Exactly the lines from the one containing "Sport club logo examples 1 through 7" through the end of the listing must make up the answer, with no pictures included.

▶ [Given data]
━━━━━━━━

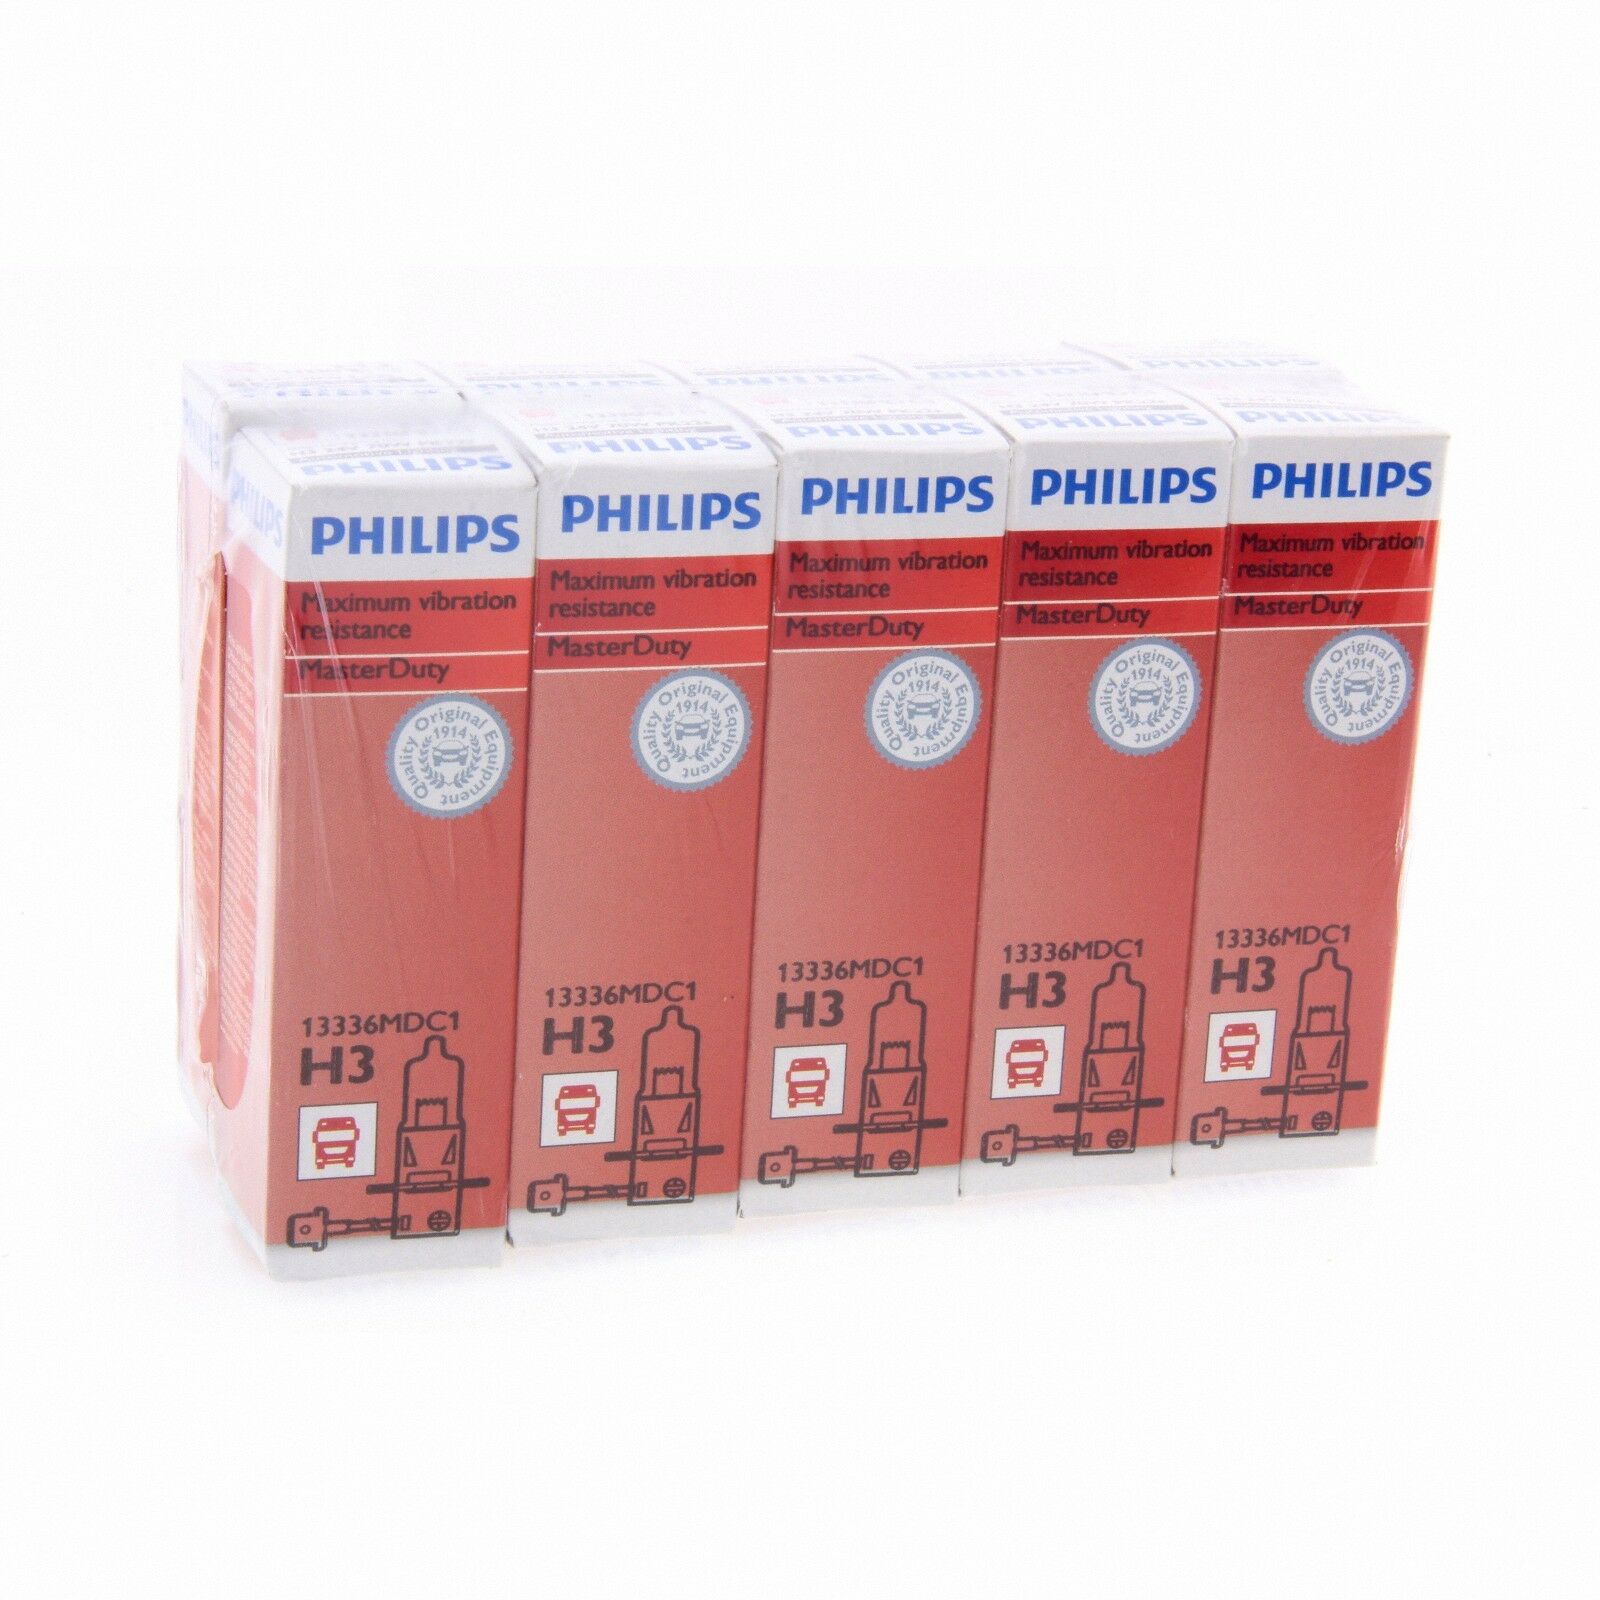 10er Box H3 Philips MasterDuty 2x Longlife LKW 24V Halogenlampe 13336MD
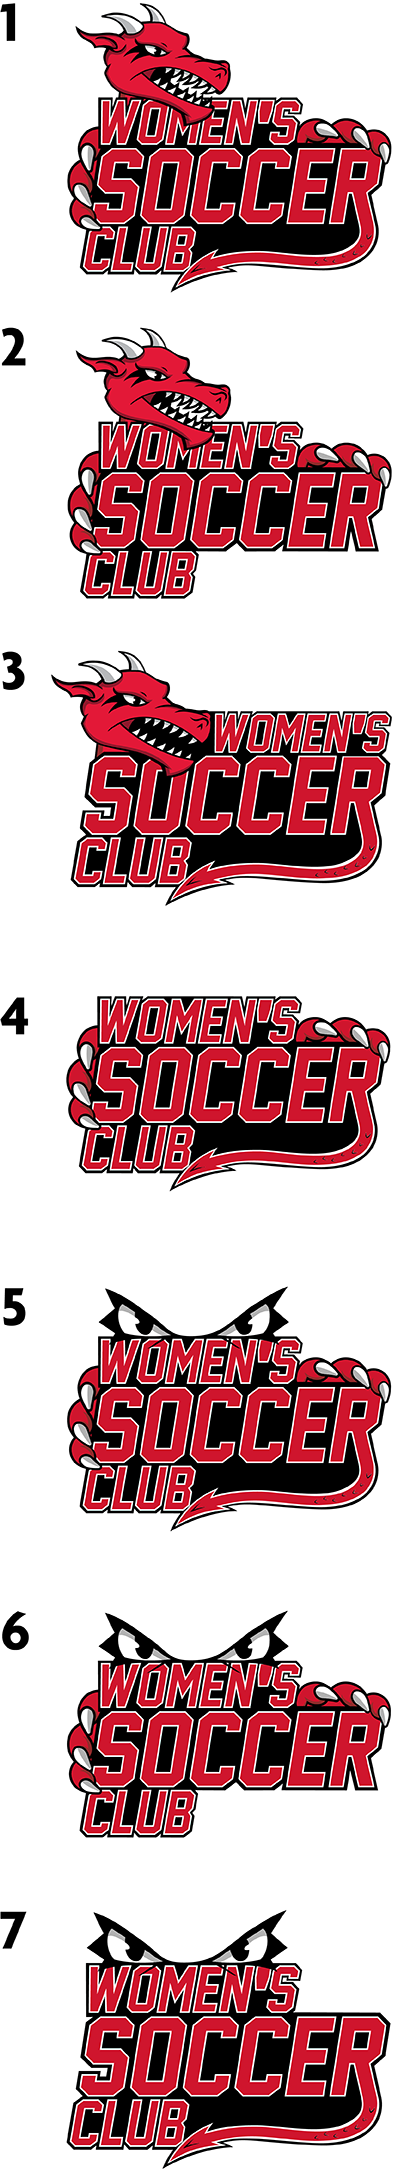 Sport club logo examples 1 through 7
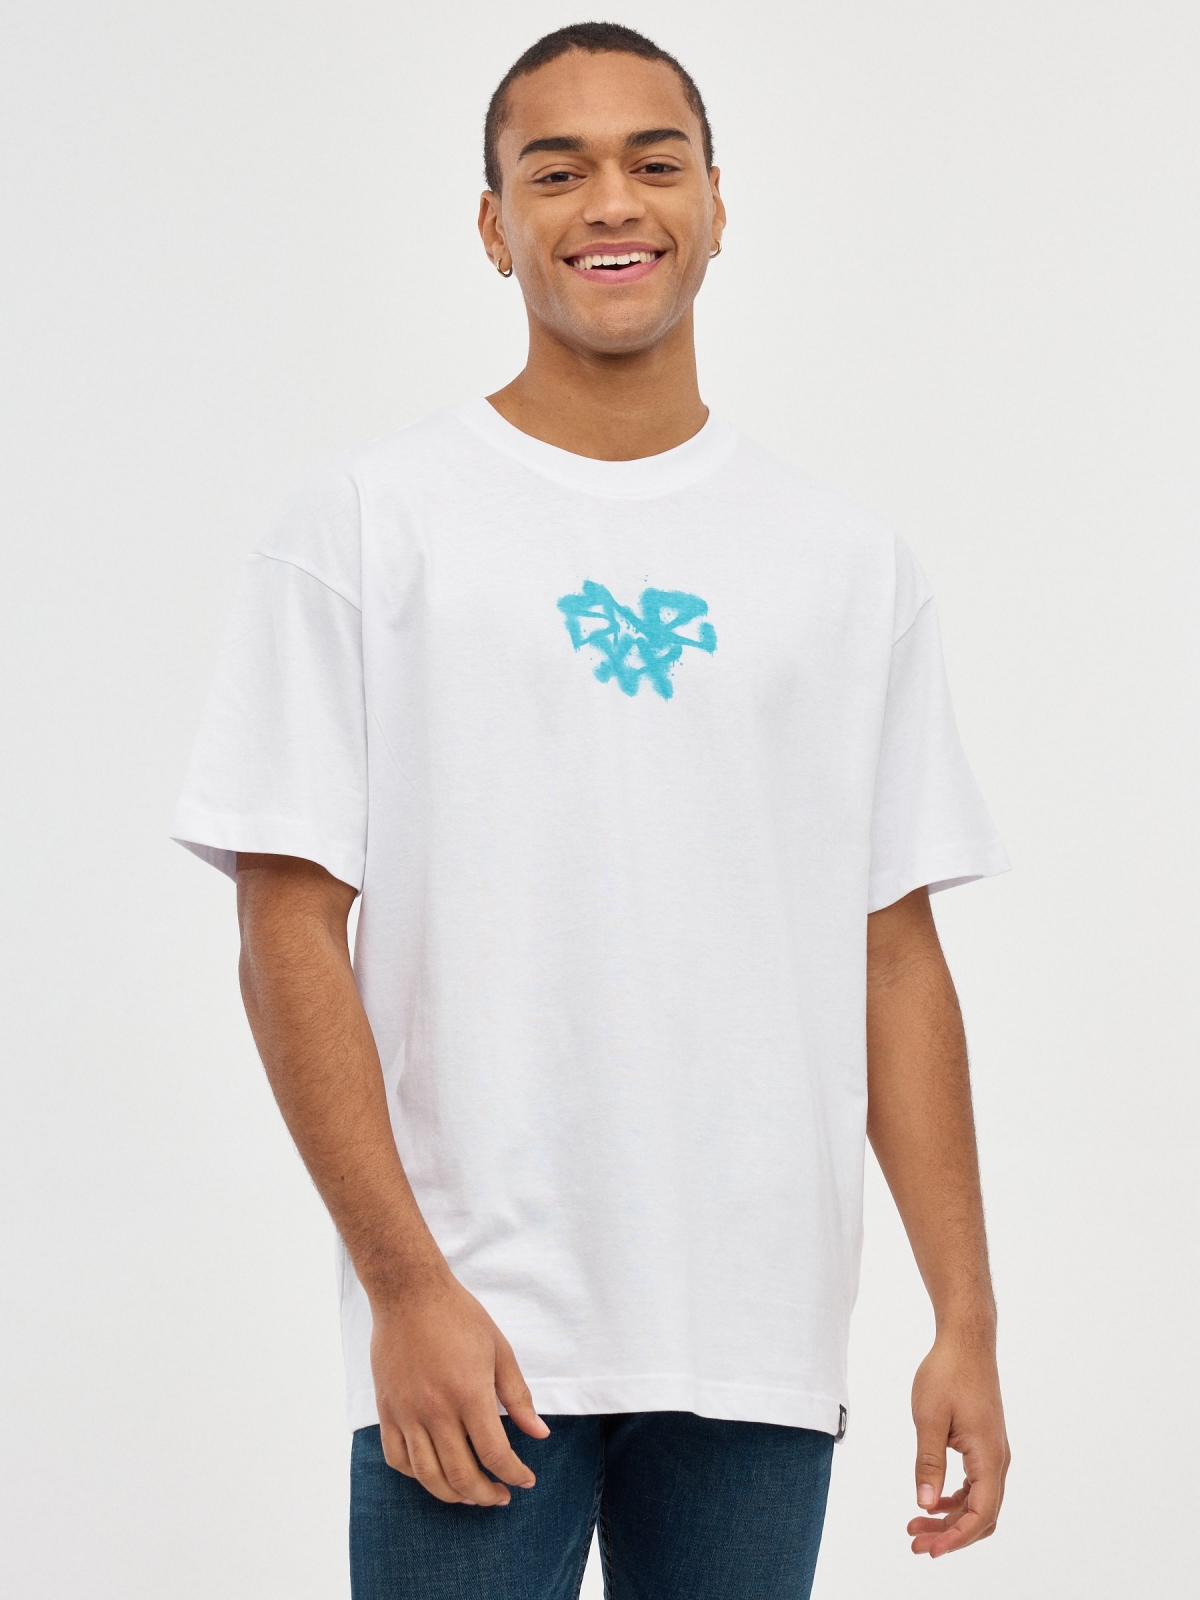 Camiseta graffiti azul blanco vista media frontal

━━━━━━━━

▶ [Response to this task]
 Sport club logo examples 1 through 7
 Camiseta graffiti azul blanco vista media frontal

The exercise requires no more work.